> **Required work**:
Pictures are not part of the copy. Write out exactly the lines from the line with "medium resolution of" through the end of the entries below.
(Dataset Opens)
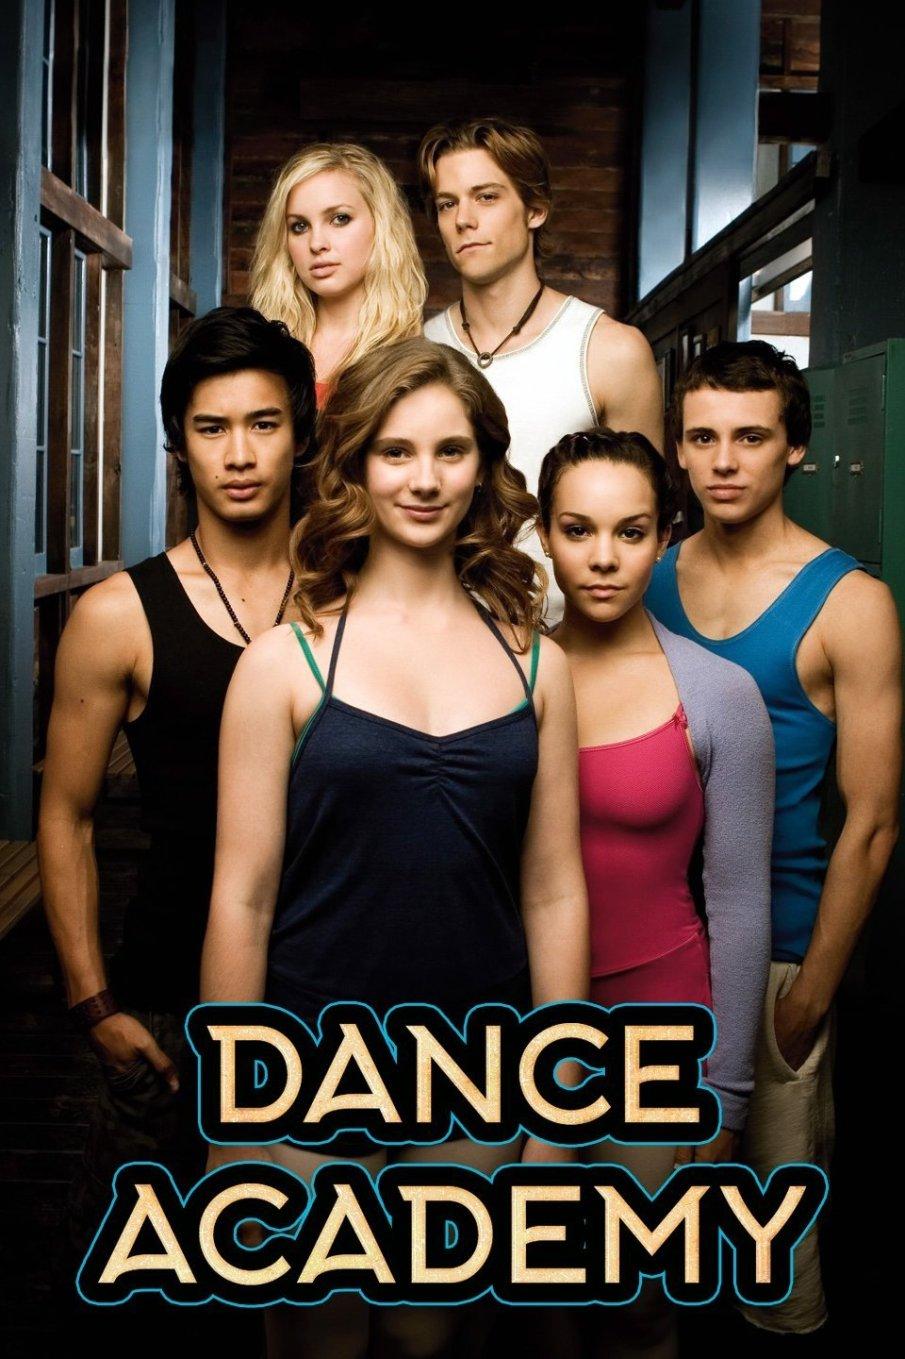 Dance aca
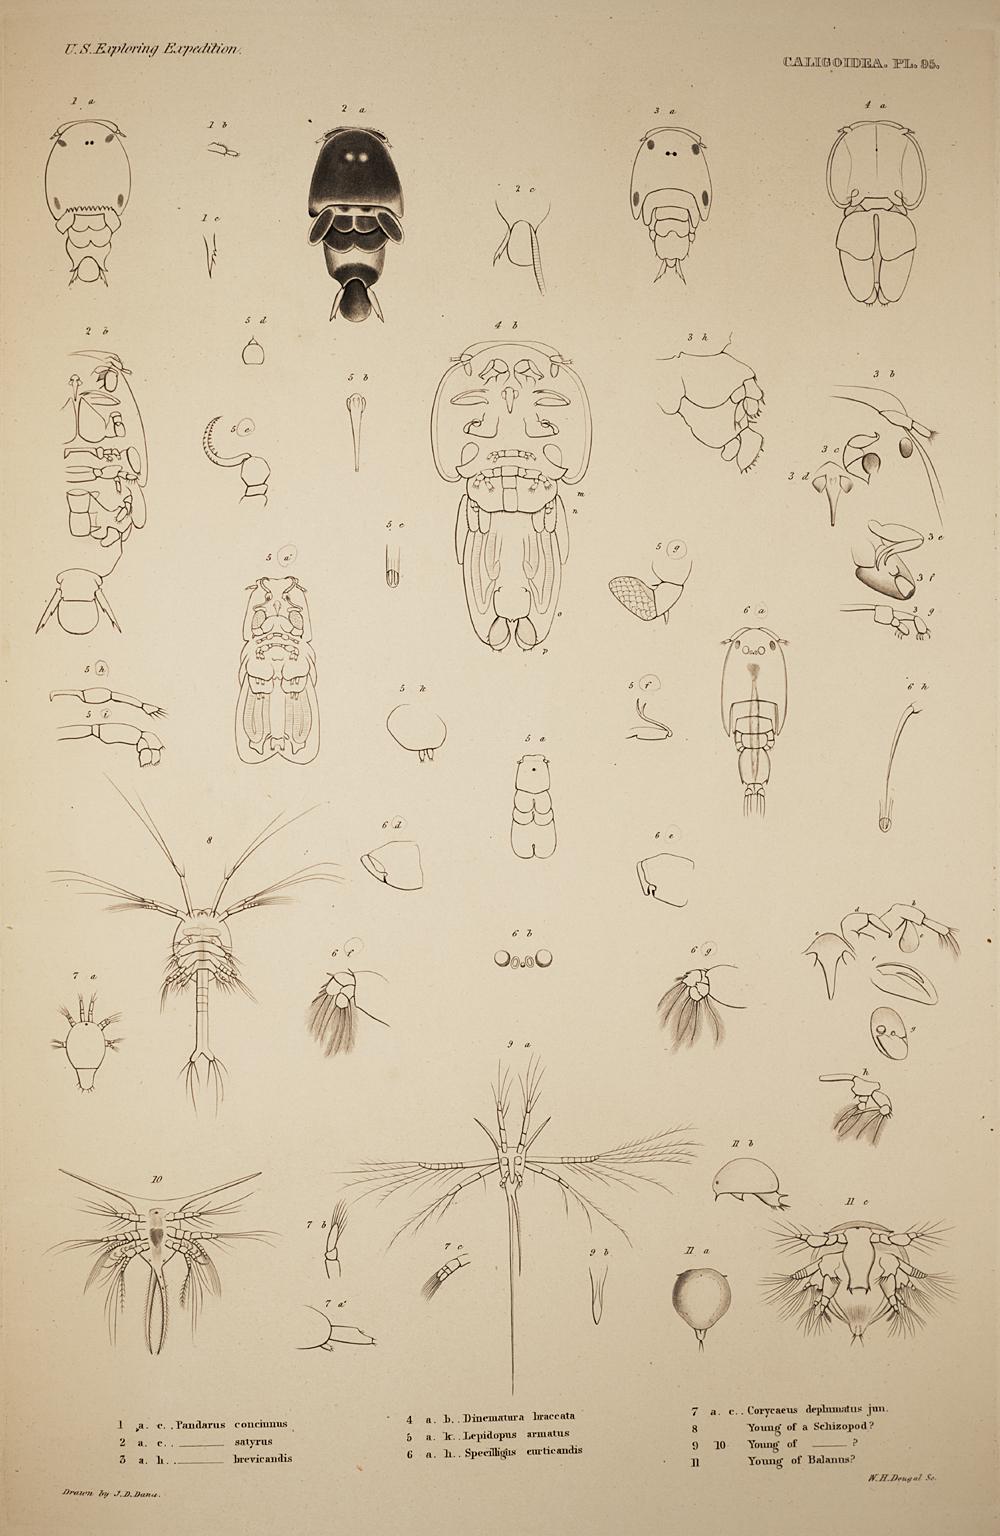 Caligoidea. Pl. 95,  Image number:SIL19-21-223b
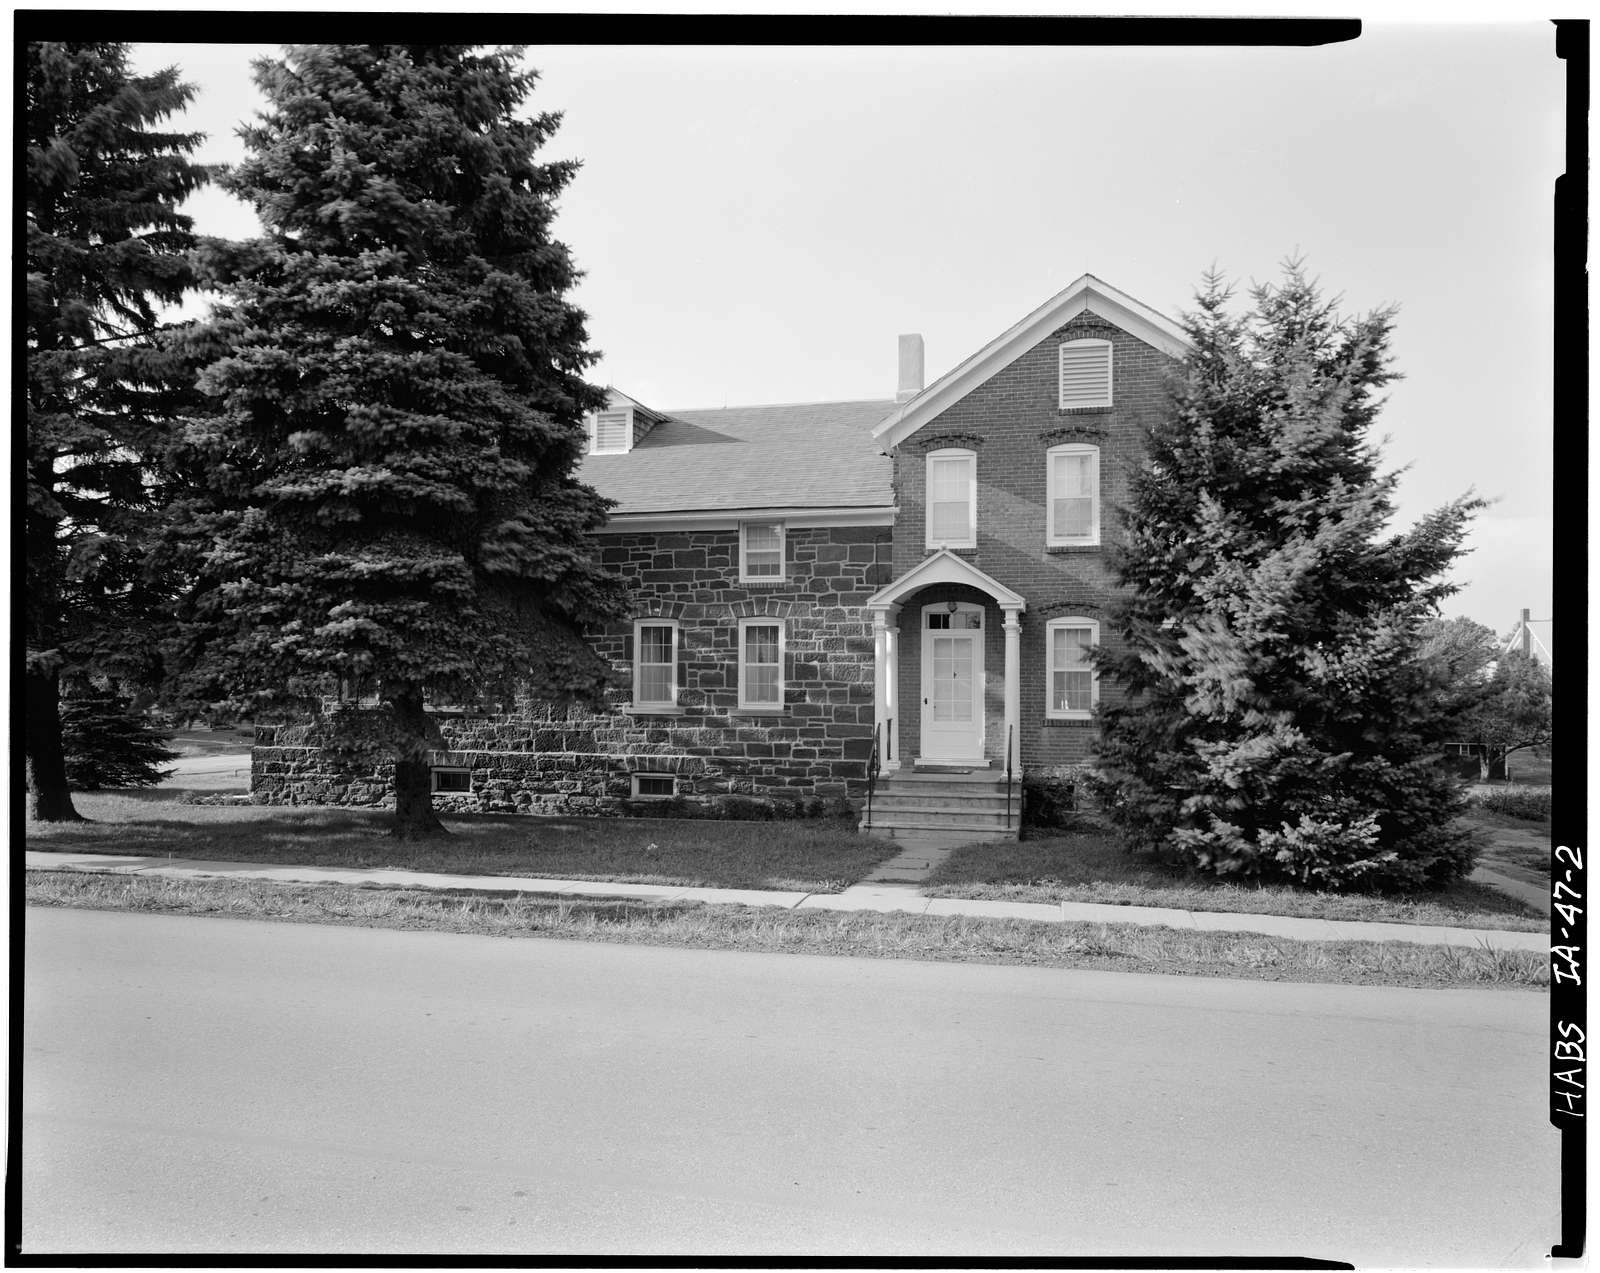 W. F. Moershal House, State Route 220, Amana, Iowa County, IA
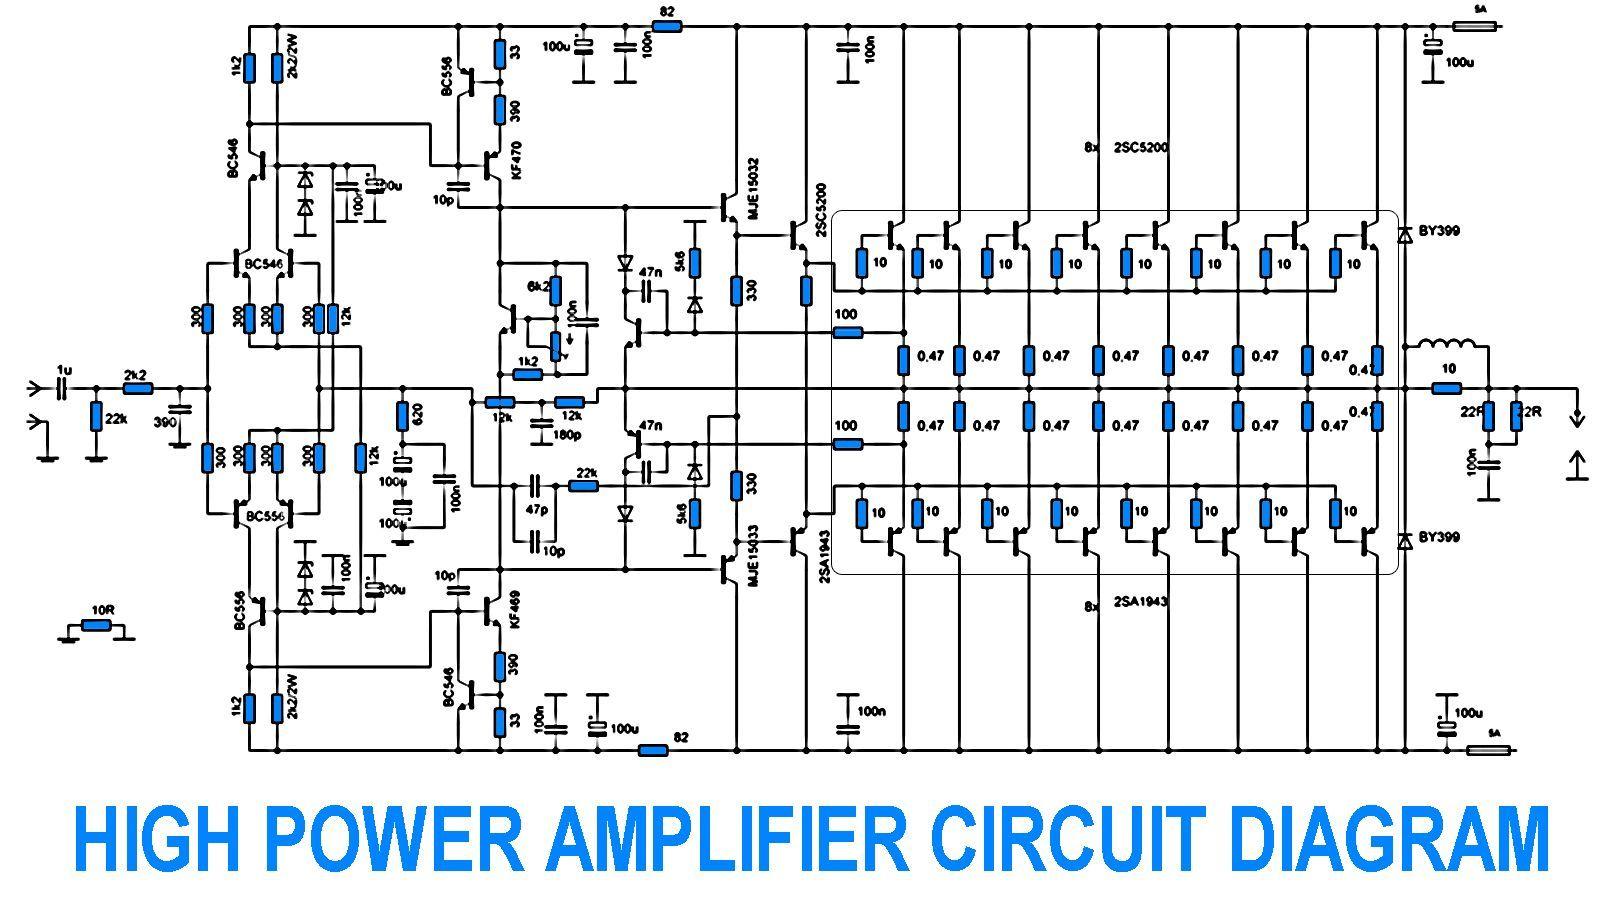 medium resolution of high power amplifier circuit diagram circuit schematic electronics power amplifier with high power amplifier
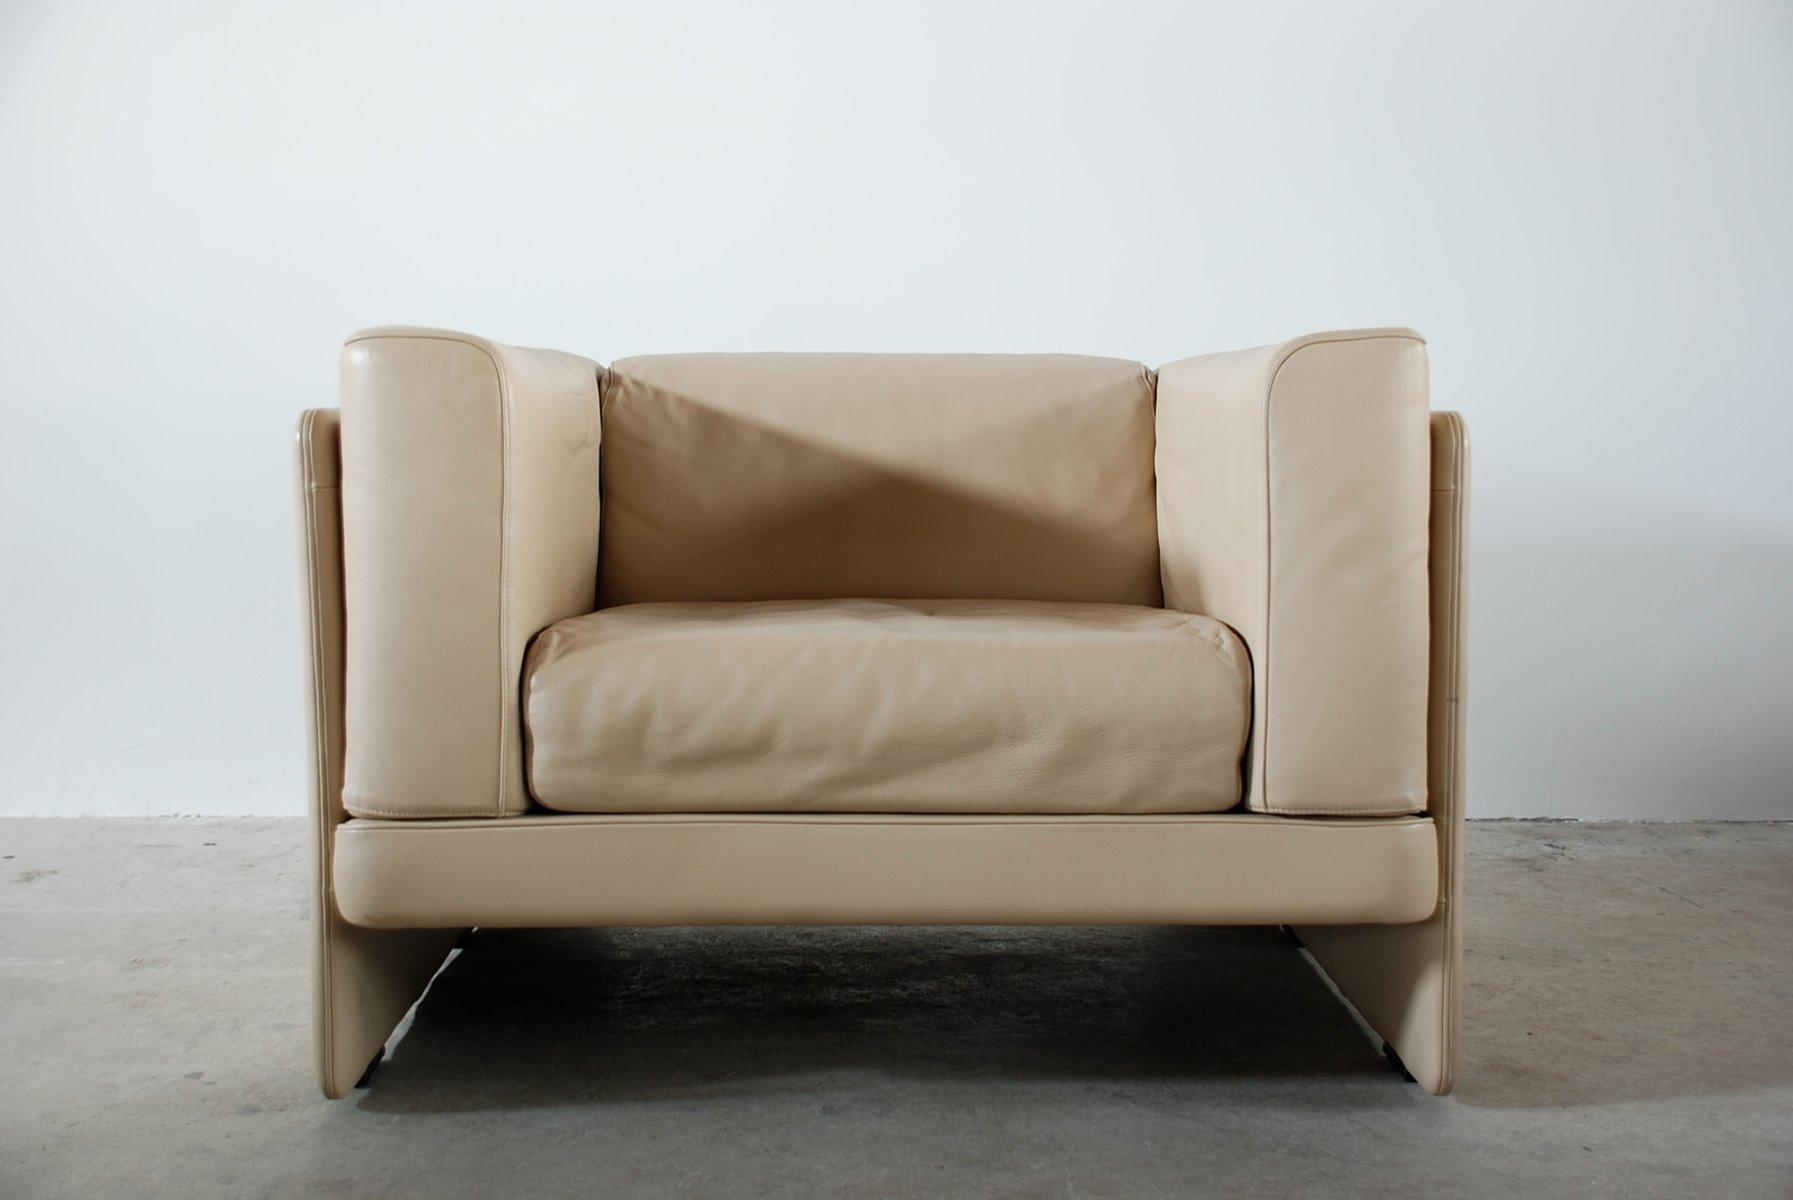 vintage le capannelle sessel von tito agnoli f r poltrona frau 2er set bei pamono kaufen. Black Bedroom Furniture Sets. Home Design Ideas
(Dataset Closes)
> **Solved problem**:
 medium resolution of high power amplifier circuit diagram circuit schematic electronics power amplifier with high power amplifier
 vintage le capannelle sessel von tito agnoli f r poltrona frau 2er set bei pamono kaufen. Black Bedroom Furniture Sets. Home Design Ideas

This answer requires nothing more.